K.N. Singh, J.
1. The Oriental Fire and General Insurance Co. has prefered this appeal under Sections 110D of the Motor Vehicles Act, 1939, against the award given by the Motor Accidents Claims Tribunal, Allahabad, on February 14, 1979, awarding a sum of Rs. 30,000 to the respondent, Sant Lal, as compensation for the death of his wife and injuries received by him and his child.
2. On August 16, 1976, at about 11 a.m., Sant Lal, respondent-claimant, was proceeding on a bicycle on Hastings Road towards Phaphama side.
3. His wife, Smt. Murgulli Devi, was sitting on the carrier of the bicycle with her nine month old child in her lap. A stage carriage vehicle having registration No. UPI 7473 which came from the opposite direction hit the bicycle crushing Smt. Murgulli Devi, as a result of which she died and Sant Lal and his minor son both received injuries. Sant Lal filed a claim petition before the Claims Tribunal which was contested by the insurance company and the owner. The Claims Tribunal by its award dated February 14, 1979, awarded a sum of Rs. 30,000 to Sant Lal for the death of his wife as well as for the injuries caused to him and his minor son. Aggrieved, the insurance company has preferred this appeal.
4. Section 96(2) of the Motor Vehicles Act, 1939, lays down the defences which are open to an insurer. An insurer is under a liability to indemnify the owner for the compensation which may be awarded against him. The insurer is, however, entitled to defend its liability on the grounds set forth in Sub-section (2) of Sections 96. Under that provision, an insurer is entitled to be impleaded as a party to the proceedings and to defend it. The insurer can only avoid its liability in accordance with the provisions contained in Sub-section (2) of Sections 96. It is not open to the insurer to avoid its liability on any other ground. The insurer cannot challenge the quantum of compensation nor can it challenge the findings of the Tribunal on the ground that the driver was not guilty of rash and negligent driving because the right of the insurer to challenge the Tribunal's order is confined to those grounds as set forth in Sub-section (2) of Sections 96. Under that provision, when filing an appeal, the grounds raised by the insurer must be confined to those grounds only. A perusal of Sections 96(2) would show that it is not open to the insurer to challenge the findings of the Tribunal on the question of rash and negligent driving of the vehicle or on the question of quantum of compensation. This view is well settled in view of the various decisions of the Supreme Court and this court. See British India General Insurance Co. Ltd. v. Captain Itbar Singh  29 Comp Cas (Ins) 60 Manjula Devi Bhuta v. Manjusri Raha  ACJ 1 (MP) and Om Prakash v. Smt. Rukmini Devi, AIR 1982 All 389.

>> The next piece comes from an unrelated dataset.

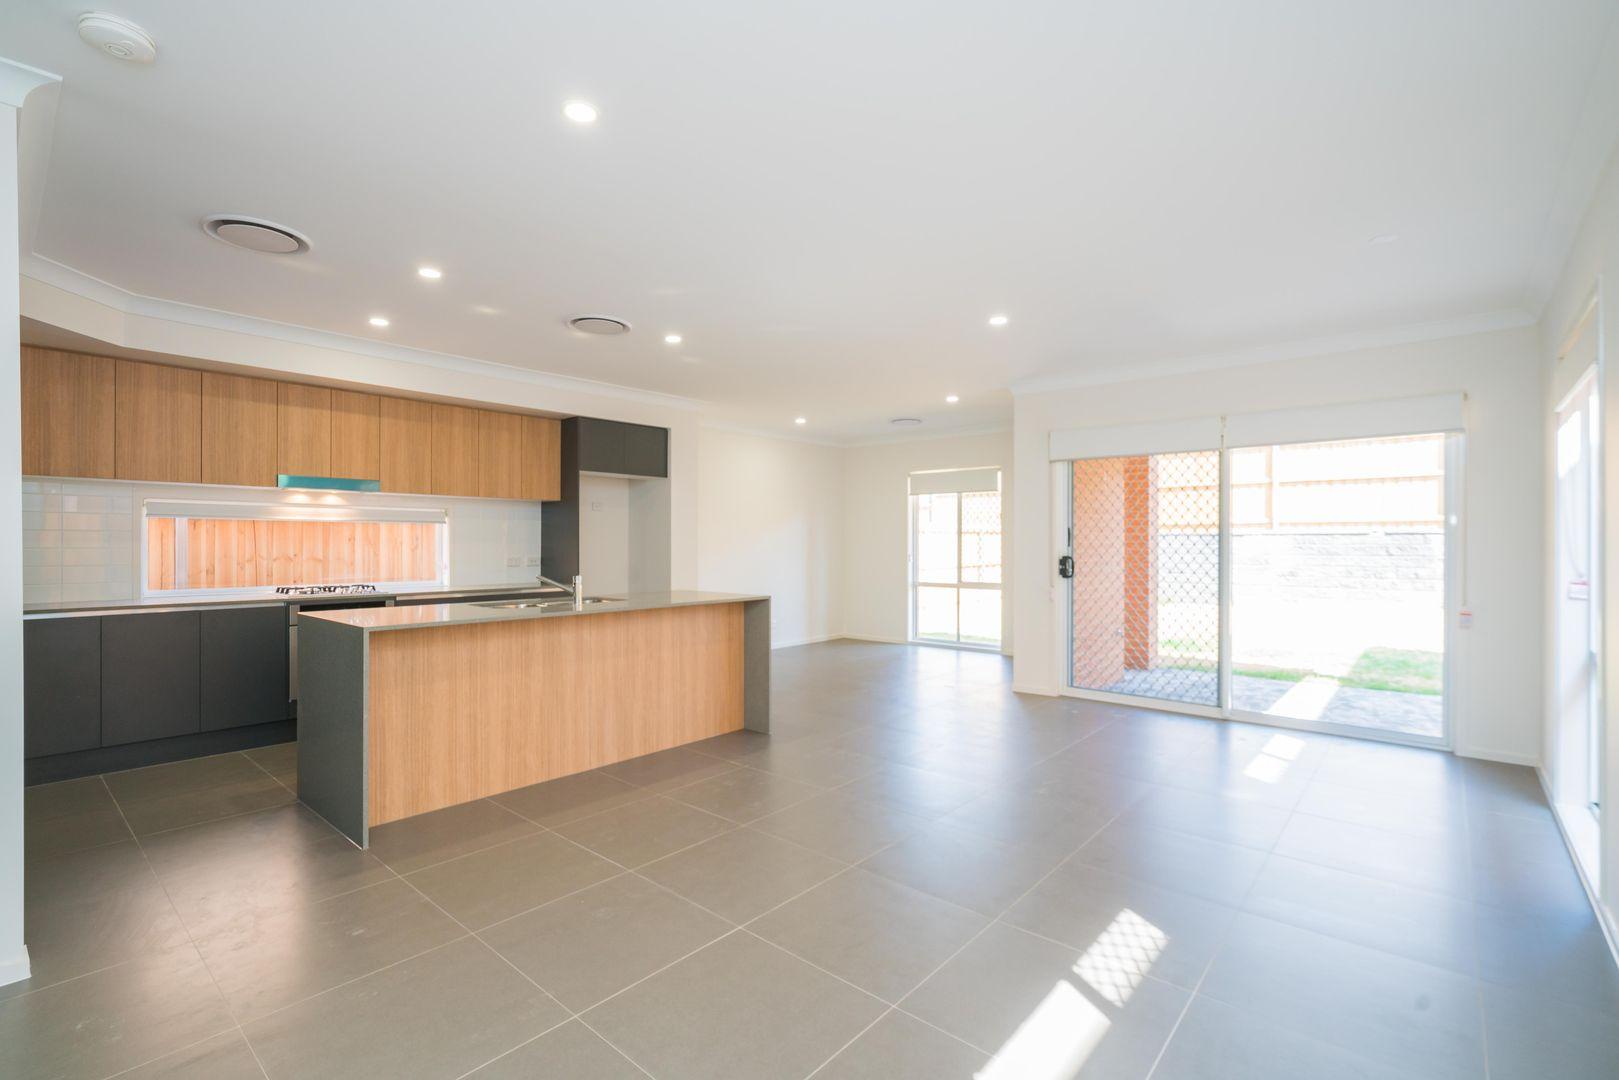 128 Dalmatia Ave, Edmondson Park NSW 2174, Image 2

5. In the instant appeal, none of the grounds raised by the appellants in the memo of appeal are covered by any of the grounds set out in Sections 96(2) of the Act and as such the insurer cannot successfully challenge the award given by the Tribunal. Admittedly, the accident took place as a result of which Smt. Murgulli Devi died and Sant Lal and his minor son received injuries. It is further admitted that the stage carriage involved in the accident which took place had been insured by the appellant and the accident occurred at the time when the driver was driving the vehicle in the discharge of his duties. In the circumstance, the insurer cannot escape itsliability to indemnify the owner in respect of the amount of compensation awarded by the Tribunal.
6. In the circumstances we found no merit in the appeal. It is accordingly dismissed with costs.